** Opening Given material block **

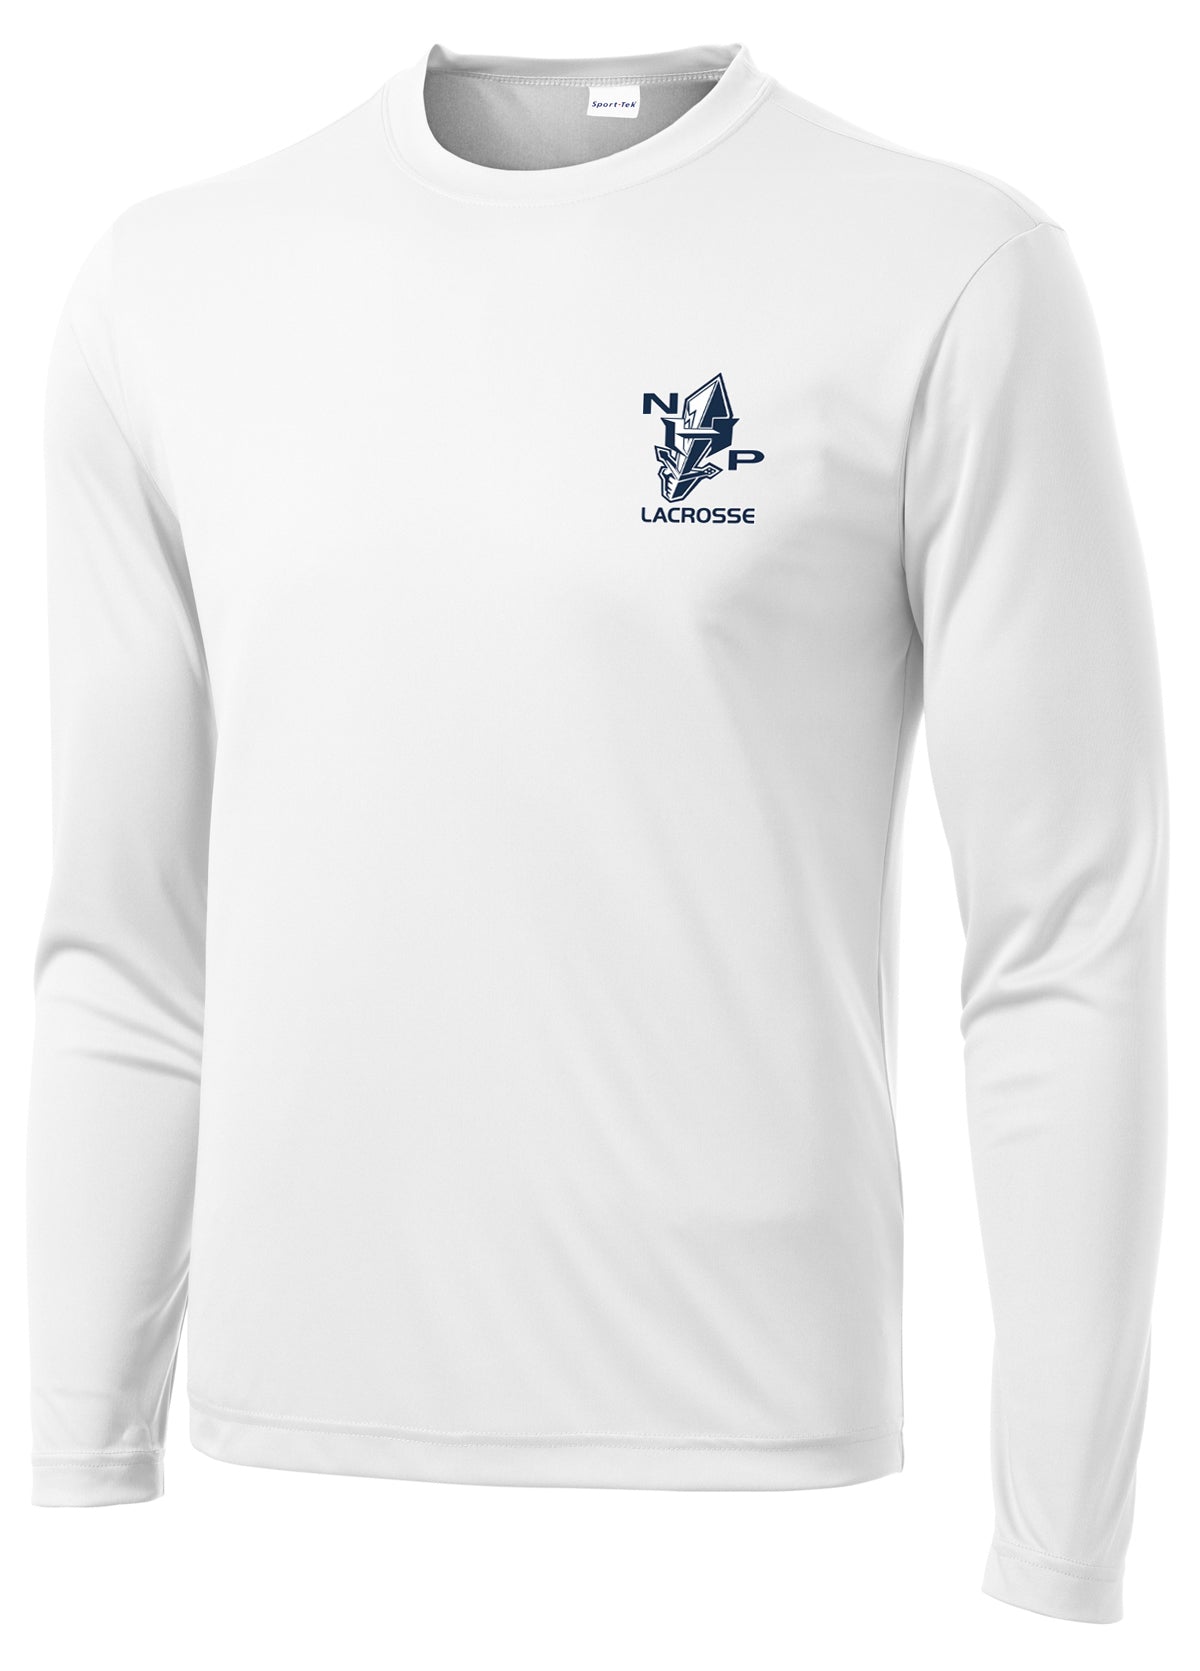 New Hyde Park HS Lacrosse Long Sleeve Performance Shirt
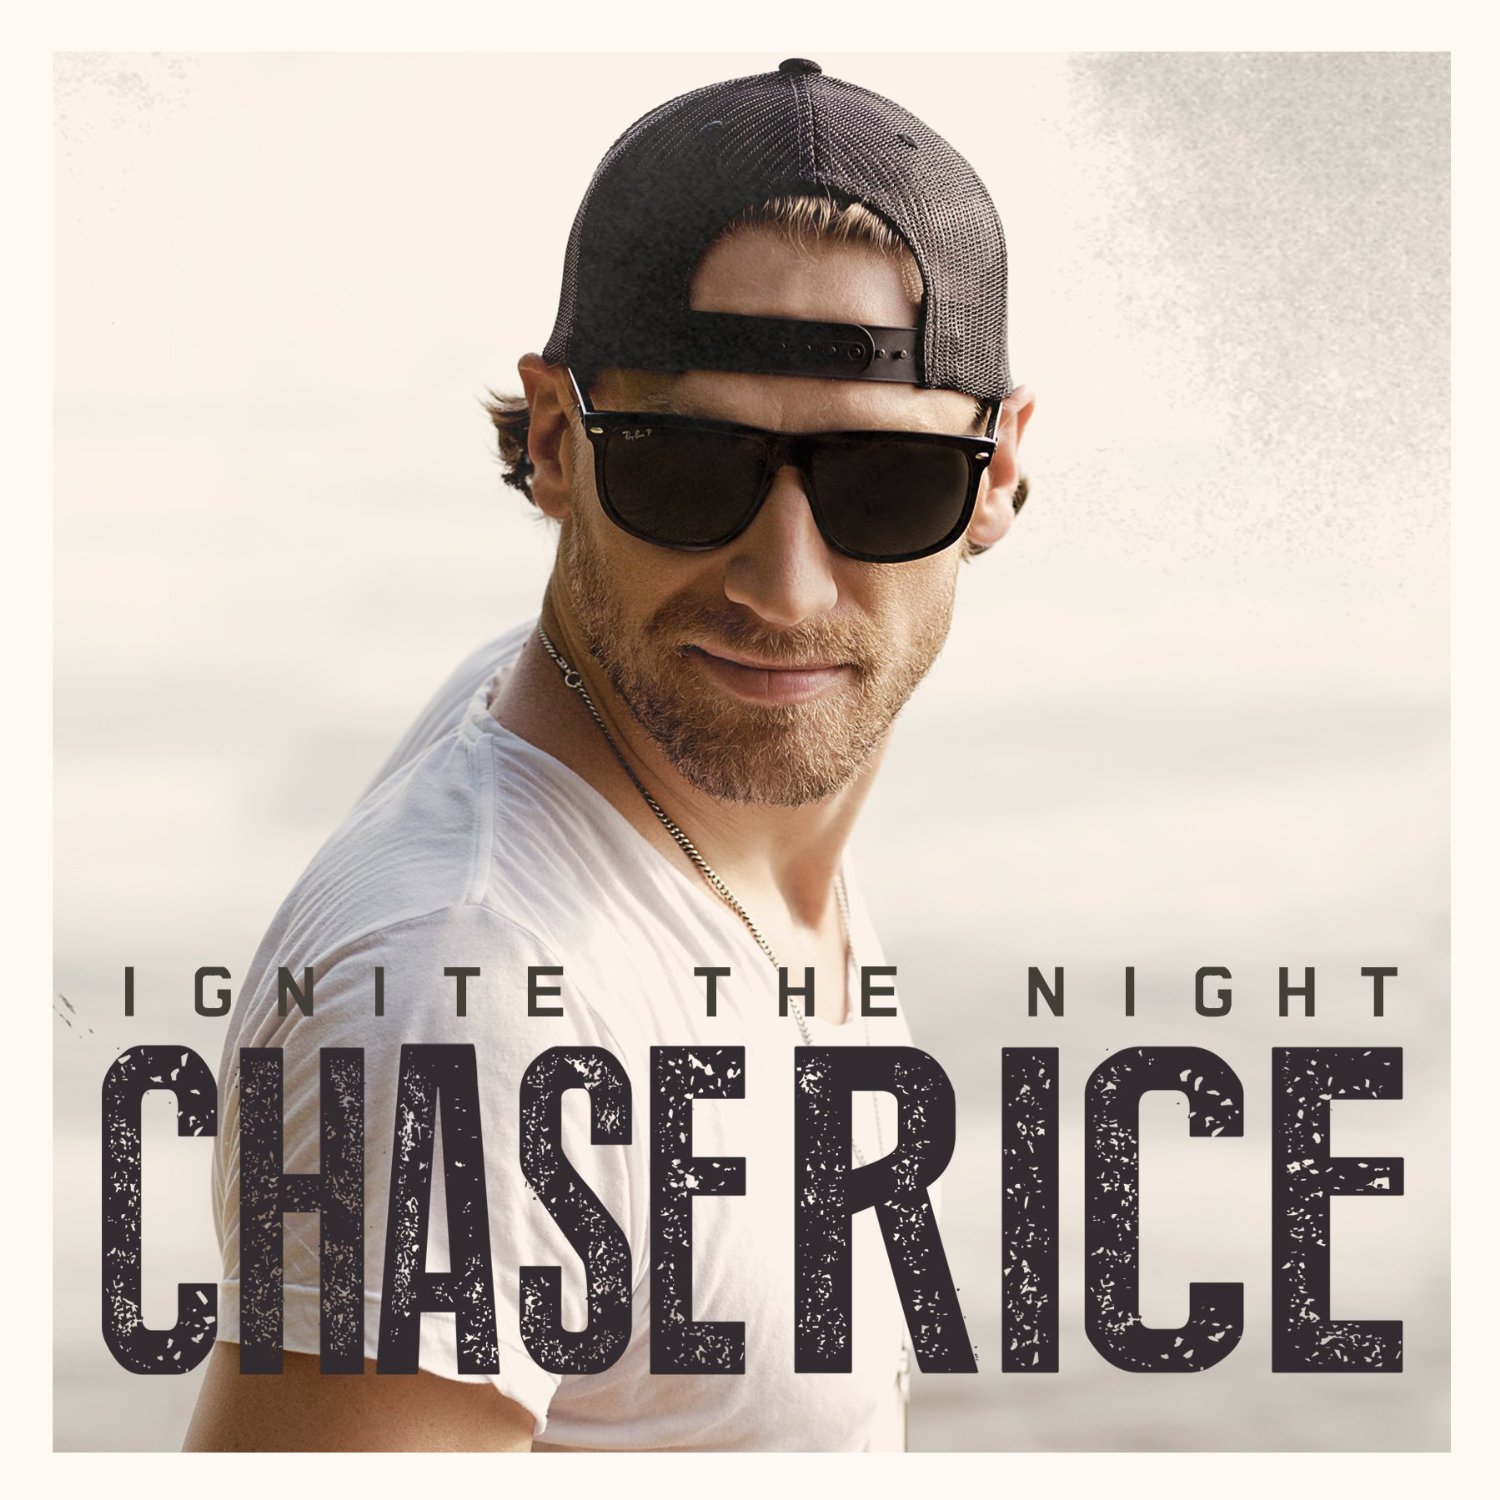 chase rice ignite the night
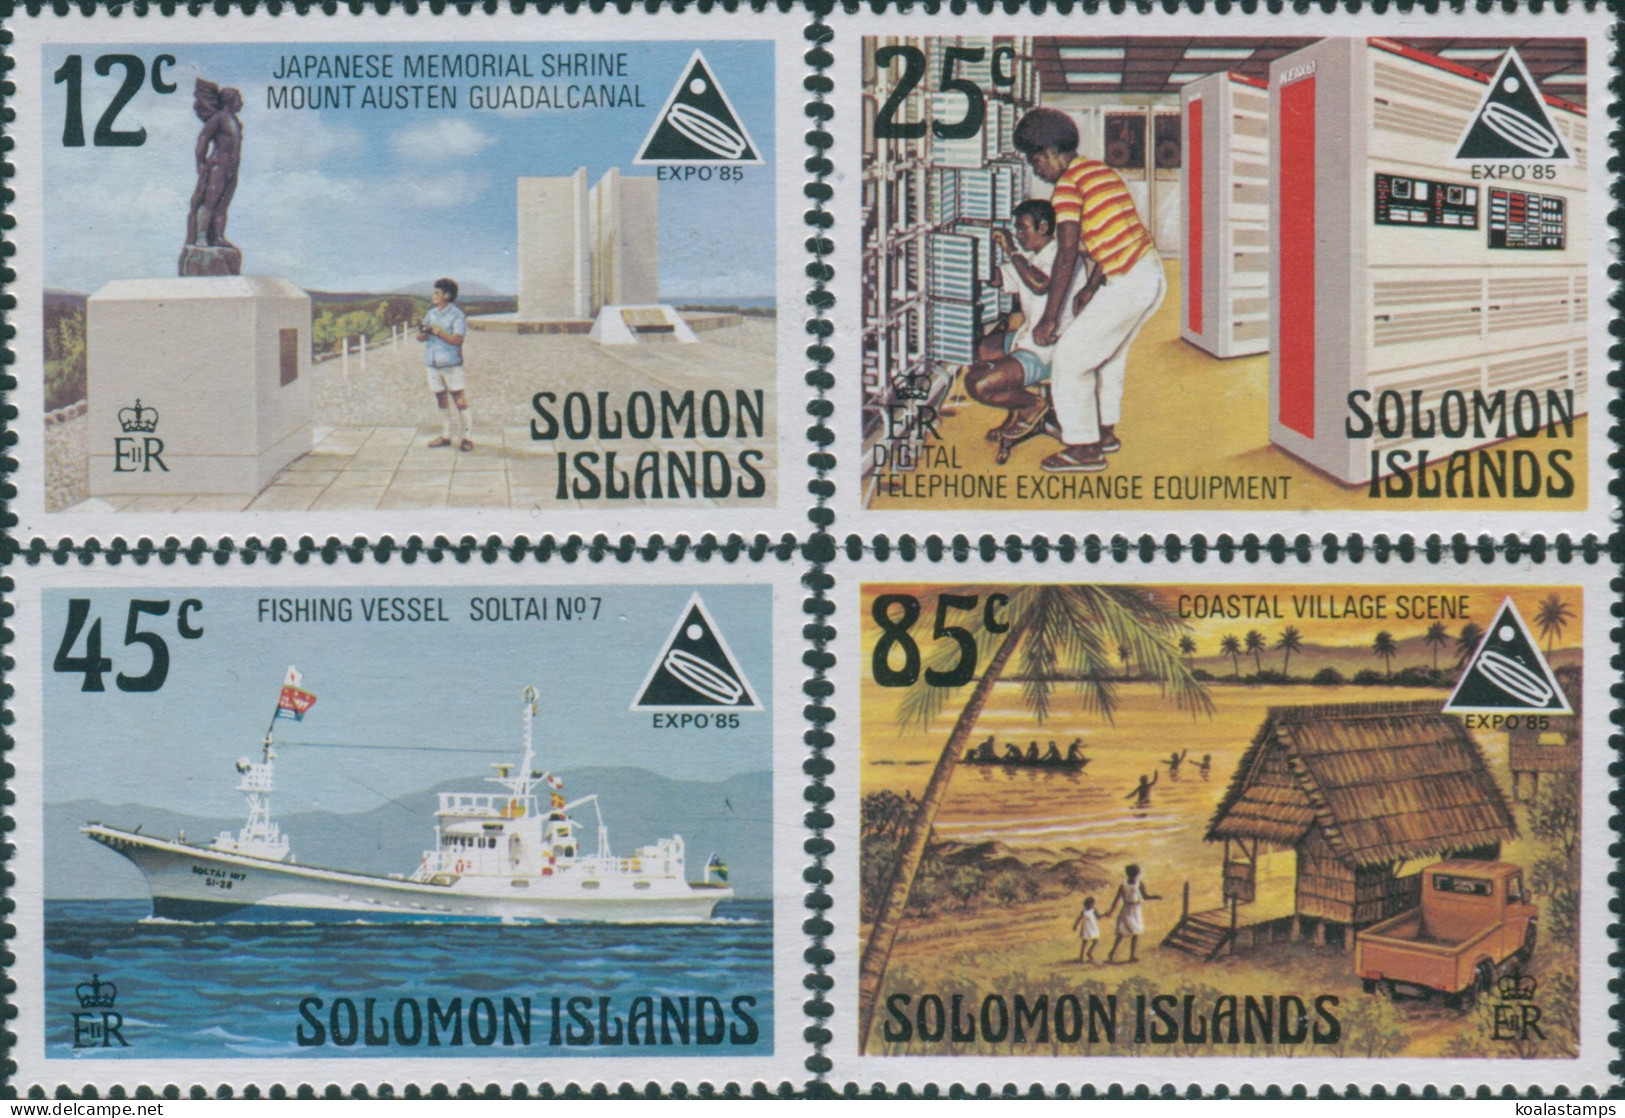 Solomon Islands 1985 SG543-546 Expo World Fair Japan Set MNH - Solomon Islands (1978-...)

** Closing Given material block **

Task item - Every line from the one that holds "chase rice ignite the night" to the end of the listing should be output exactly, with pictures left out, please.

Solution -
 chase rice ignite the night
 Solomon Islands 1985 SG543-546 Expo World Fair Japan Set MNH - Solomon Islands (1978-...)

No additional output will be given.